Problem details - Make an exact copy of the lines from the one containing "#2581 Peds Nurse" through the end of the material, including both ends but no pictures.

Material provided -
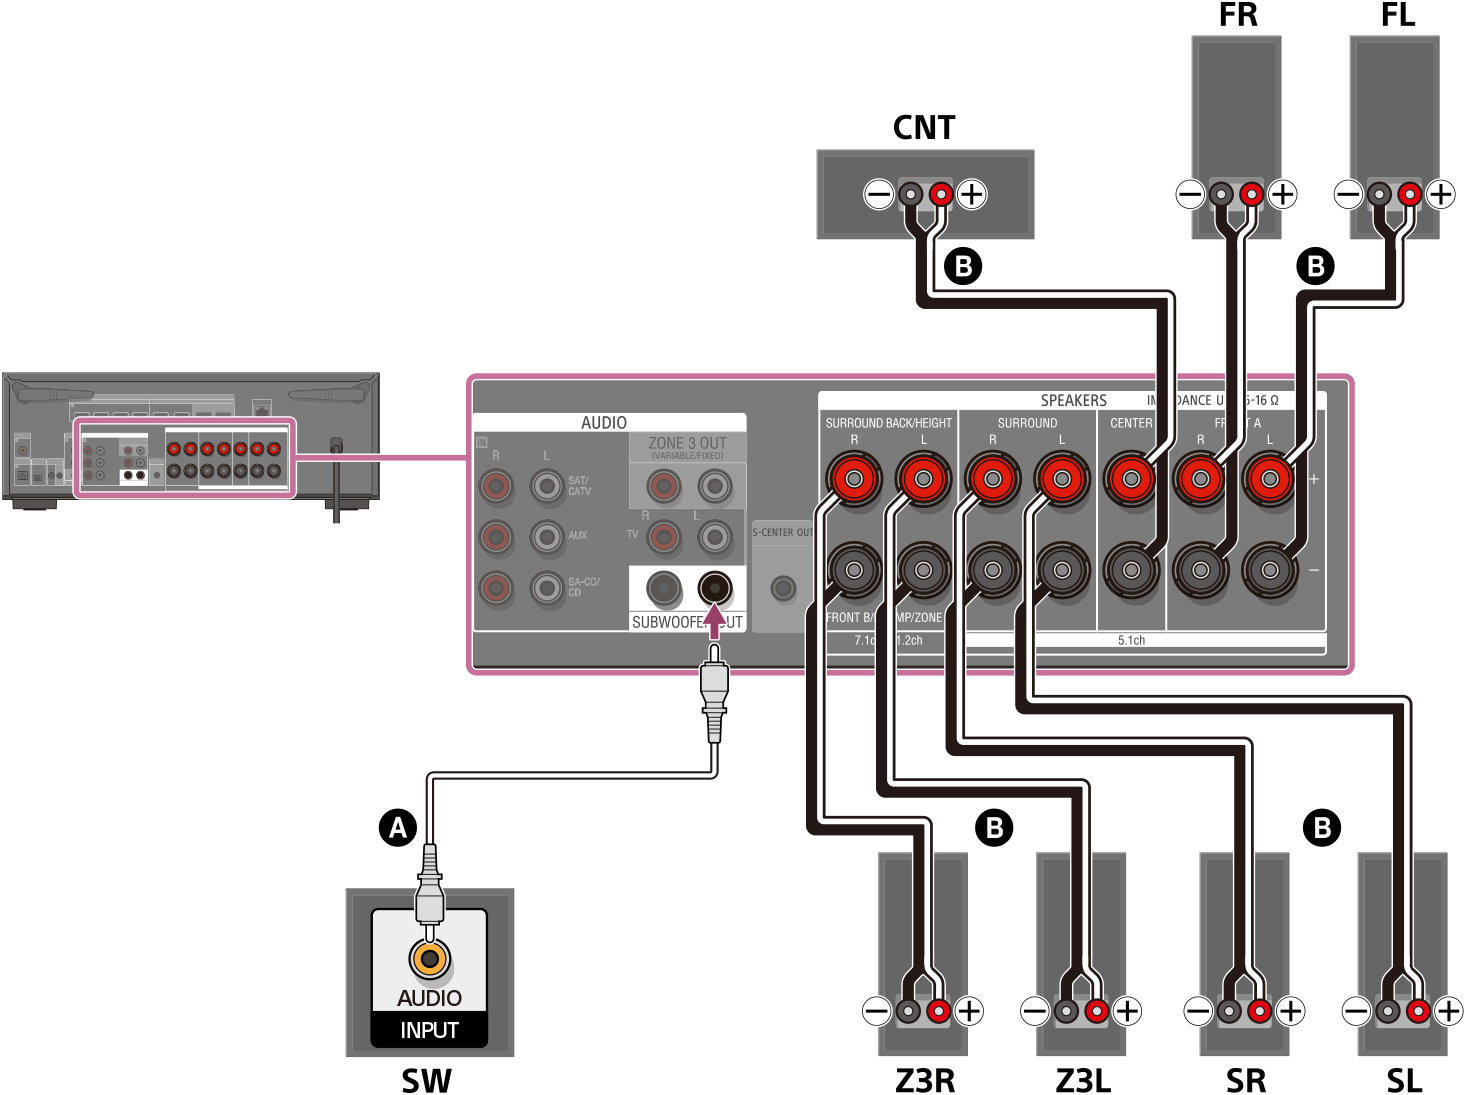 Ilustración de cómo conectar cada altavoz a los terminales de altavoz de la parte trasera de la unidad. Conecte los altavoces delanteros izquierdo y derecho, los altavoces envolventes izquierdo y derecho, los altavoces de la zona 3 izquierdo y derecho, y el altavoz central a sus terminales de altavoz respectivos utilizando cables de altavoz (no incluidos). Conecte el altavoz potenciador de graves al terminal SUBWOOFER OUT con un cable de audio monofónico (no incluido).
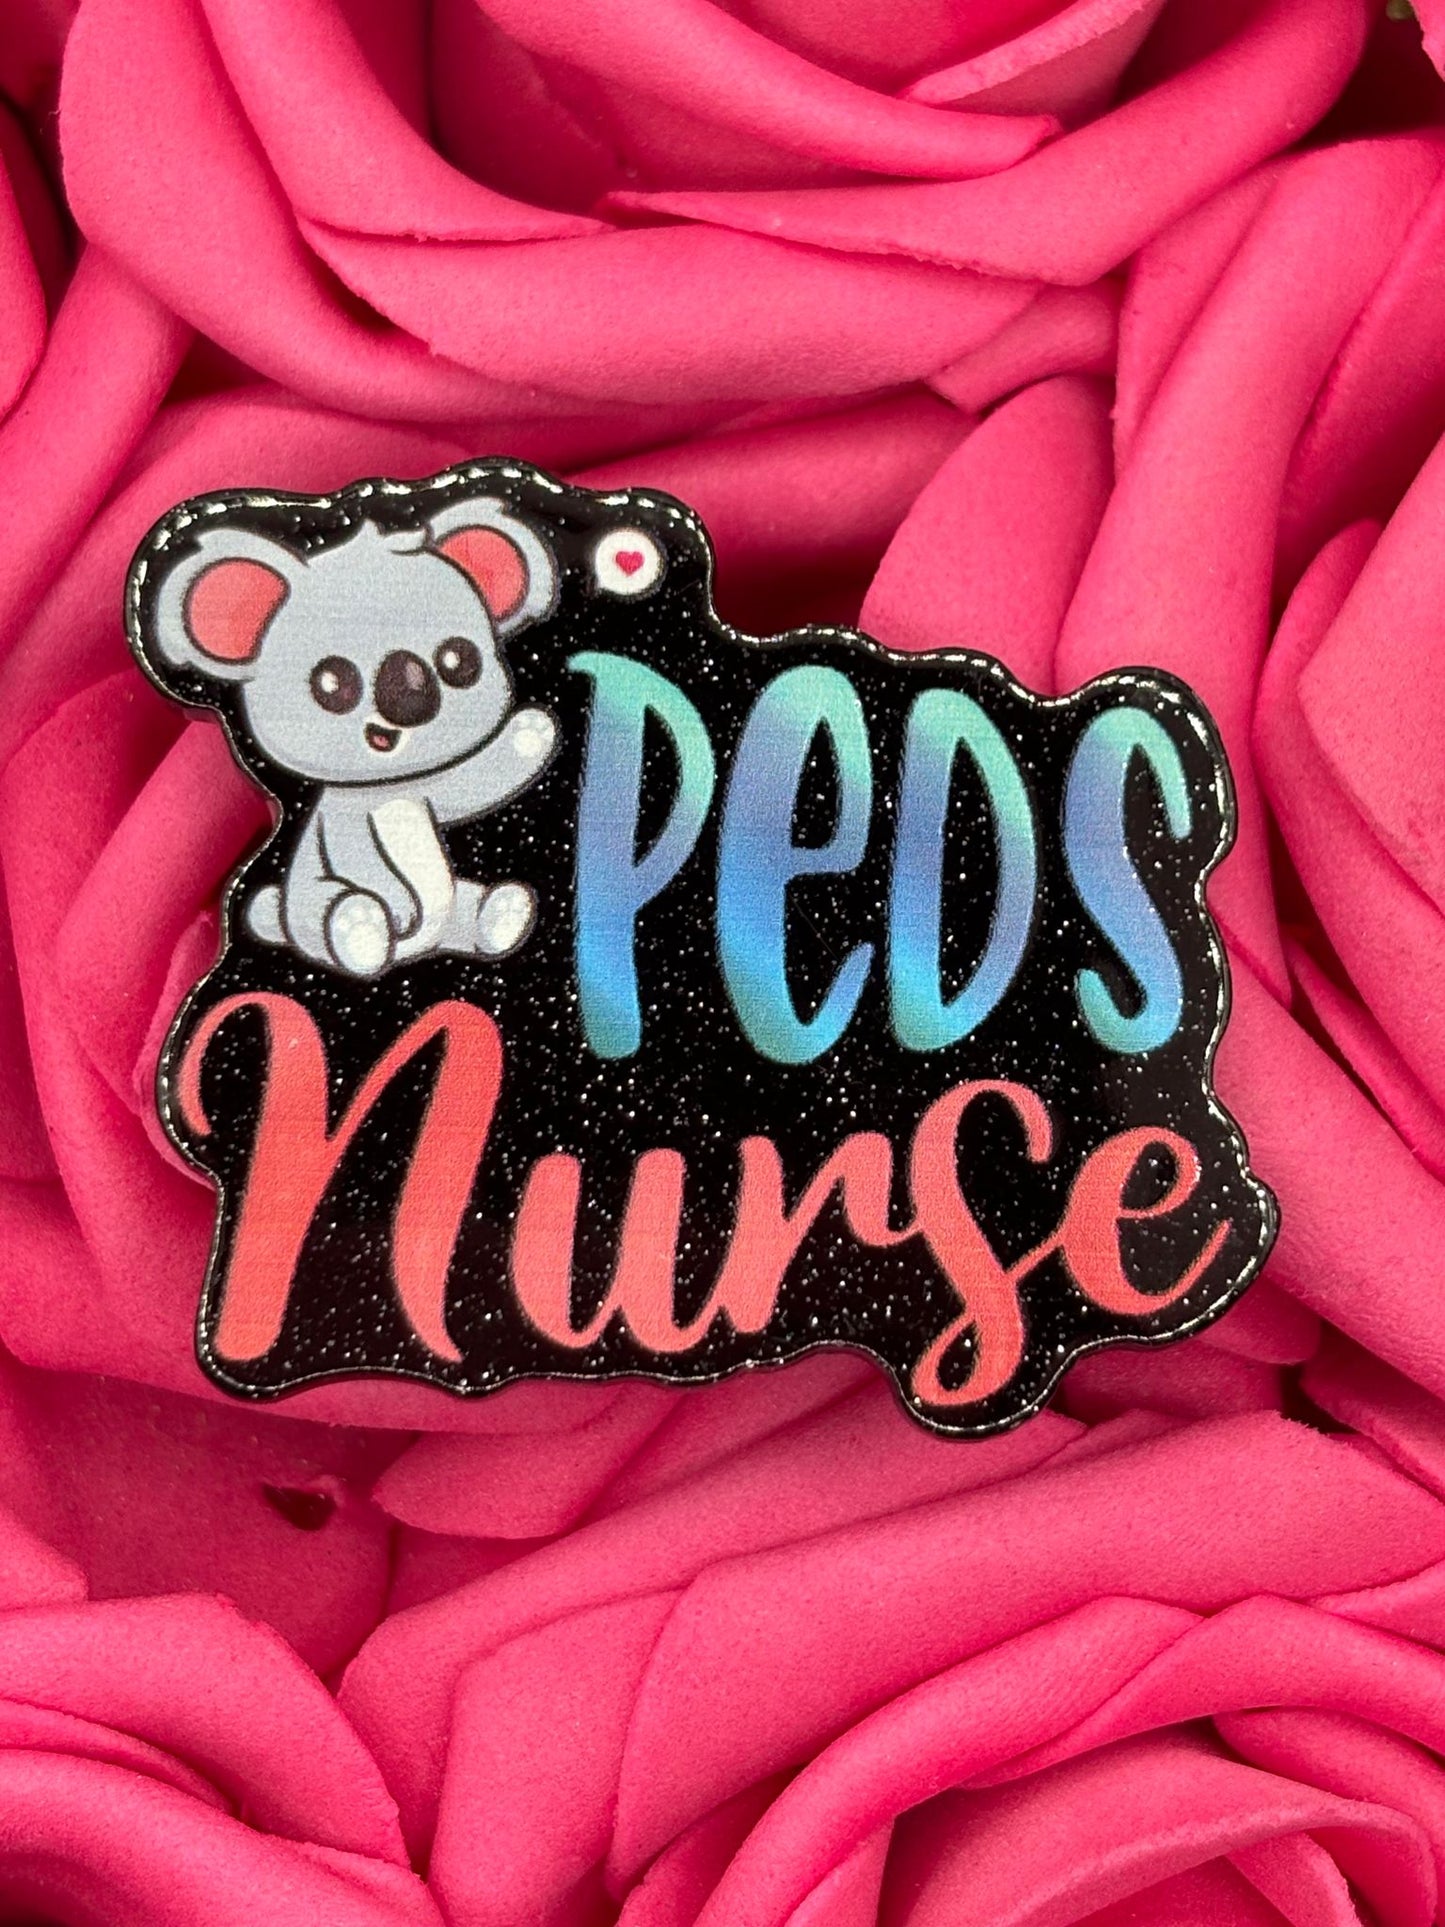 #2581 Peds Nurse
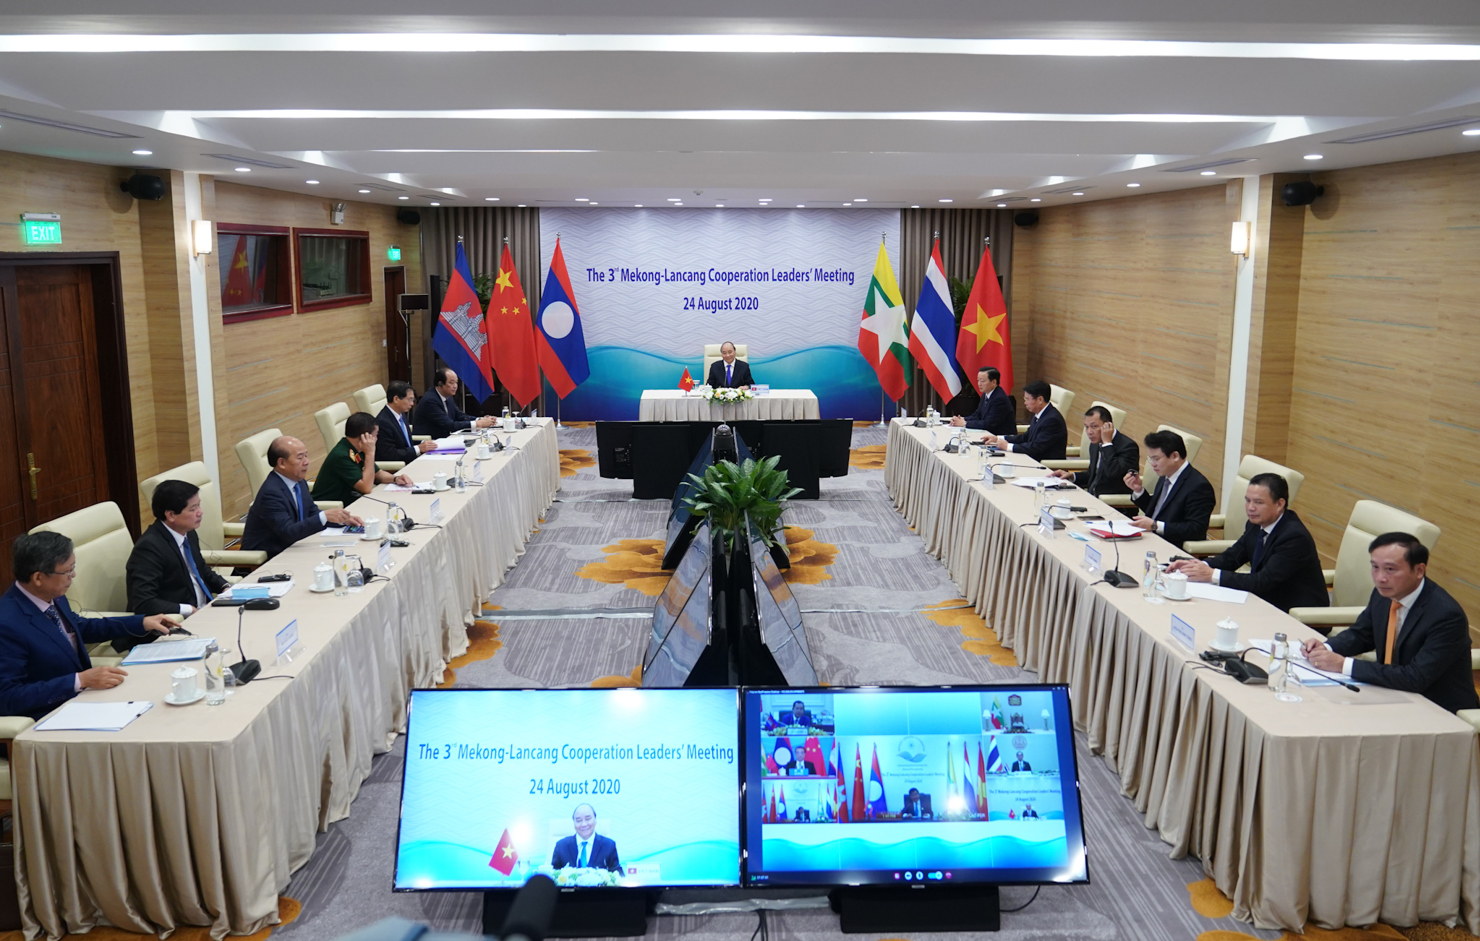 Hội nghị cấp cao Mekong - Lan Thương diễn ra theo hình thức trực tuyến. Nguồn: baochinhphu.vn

Response -
 #2581 Peds Nurse
 Hội nghị cấp cao Mekong - Lan Thương diễn ra theo hình thức trực tuyến. Nguồn: baochinhphu.vn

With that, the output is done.